At Maçka Demokrasi Parkı in Nişantaşı, certified fitness instructors employed by the Şişli municipality lead 45-minute sessions every Tuesday and Thursday at 8:00 a.m. The sessions mix low-impact cardio, resistance band work, and stretching drawn from a Turkish Ministry of Youth and Sports approved protocol. Participants need only register at the Şişli municipal website or walk in to the park's main entrance on Bronz Sokak. No equipment, no fee, no GP referral required.
Across the Bosphorus, Üsküdar municipality is running parallel sessions at Validebağ Korusu, a wooded recreational area in Altunizade that stretches across roughly 45 hectares and offers shaded paths well-suited to summer exercise. Those classes run Monday, Wednesday, and Friday, also at 8:00 a.m., and include a dedicated tai chi-style balance training segment developed in consultation with physiotherapists from the Üsküdar Public Health Directorate. A third location, the waterfront promenade at Salacak on the Asian side, hosts informal walking groups under the same program umbrella every Saturday morning.
For residents on the European side who prefer a softer start, Beşiktaş municipality has integrated short gentle yoga blocks into its existing Boğaz Koşu Yolu (Bosphorus Running Path) events, held at the Çırağan Palace waterfront section near Ortaköy. These run on Sunday mornings and are open to seniors without pre-registration.
The evidence for group-based physical activity among older adults is well established. A 2023 review published in the British Journal of Sports Medicine found that structured group exercise reduced all-cause mortality risk in adults over 65 by up to 22 percent compared to solo exercise, with social accountability identified as a key driver. Istanbul's programs lean into that finding by pairing exercise with what amounts to organised social time — something Turkish tea culture makes instinctive. Several venues reportedly offer çay at a nearby kiosk after each session, keeping participants socialising for another half hour.

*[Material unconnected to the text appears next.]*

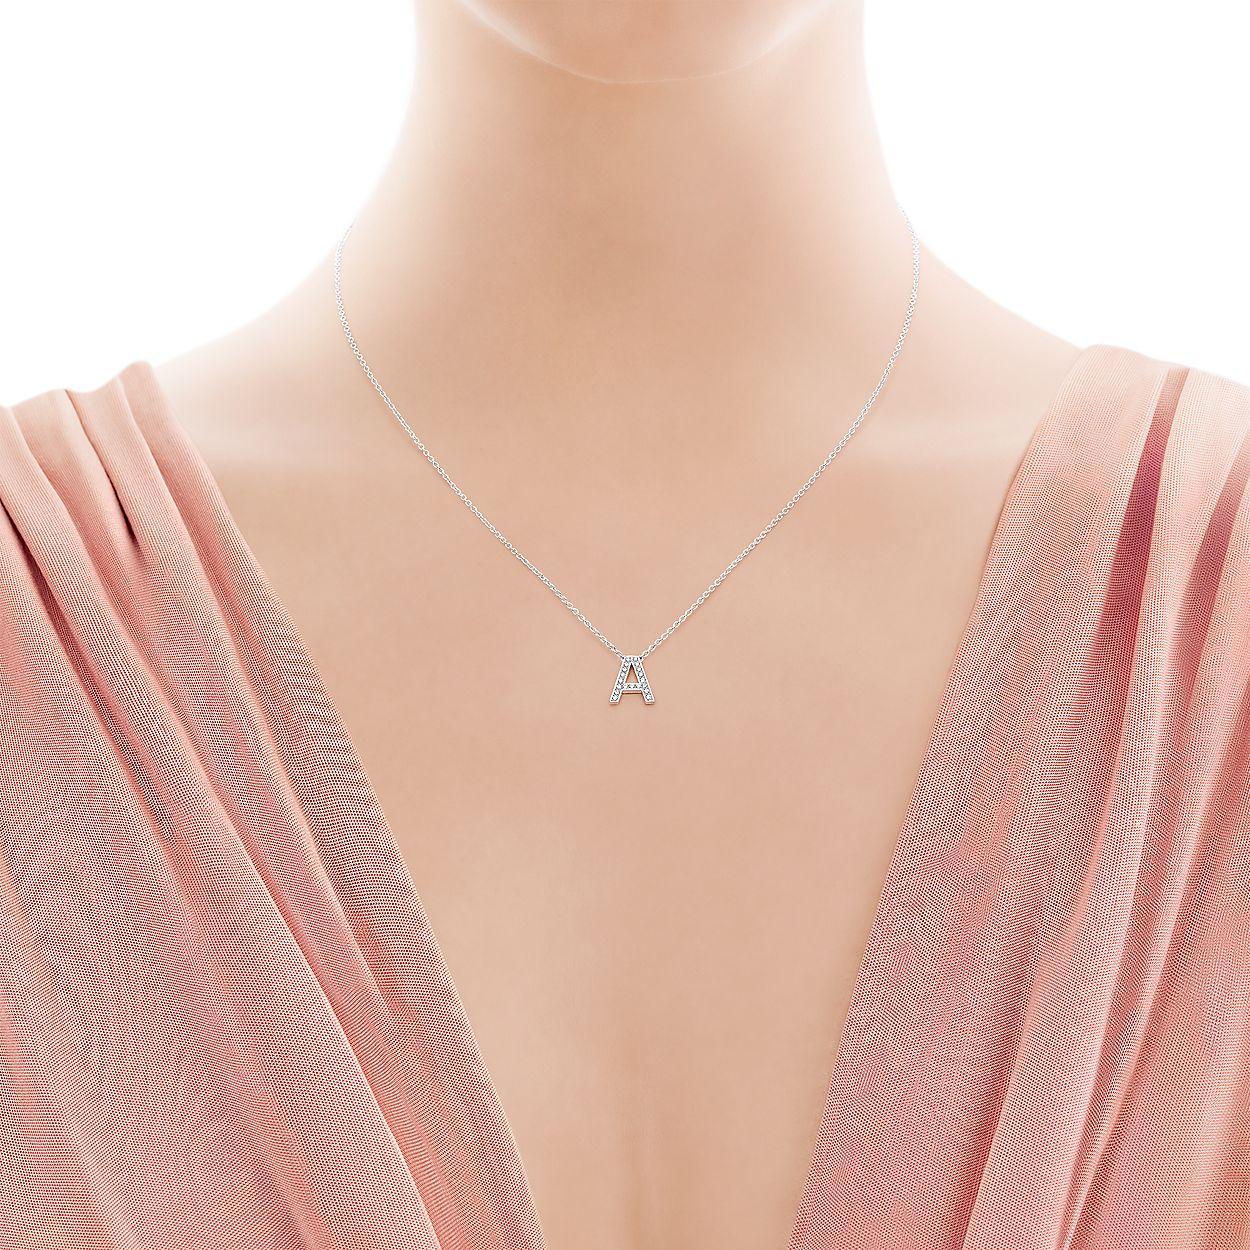 c664d8deb Tiffany Letters pendant of diamonds in platinum, mini. Letters A-Z ...

The gap, however, is in outreach. Current enrolment skews toward residents in relatively affluent central districts. Bağcılar, Esenler, and other higher-density western districts have far fewer active outdoor venues under the Aktif Yaşam umbrella, and municipal officials have acknowledged that transport access remains a barrier. The IMM has budgeted 12 million Turkish lira for program expansion in the second half of 2026, with Bağcılar set to receive its first dedicated senior fitness space — near the Bağcılar Meydan metro station — by September.
For any Istanbul resident over 60 looking to join an existing session now, the most direct route is the IMM's İstanbul'da Yaşlıya Saygı phone line at 153, which can confirm local session times and locations. Anyone with a chronic condition — particularly heart disease, diabetes, or joint problems — should speak with a doctor before starting, ideally through a neighbourhood family health centre (aile sağlığı merkezi), where the initial consultation is free under the national health system. The sessions themselves ask nothing more than a pair of comfortable shoes and the willingness to show up.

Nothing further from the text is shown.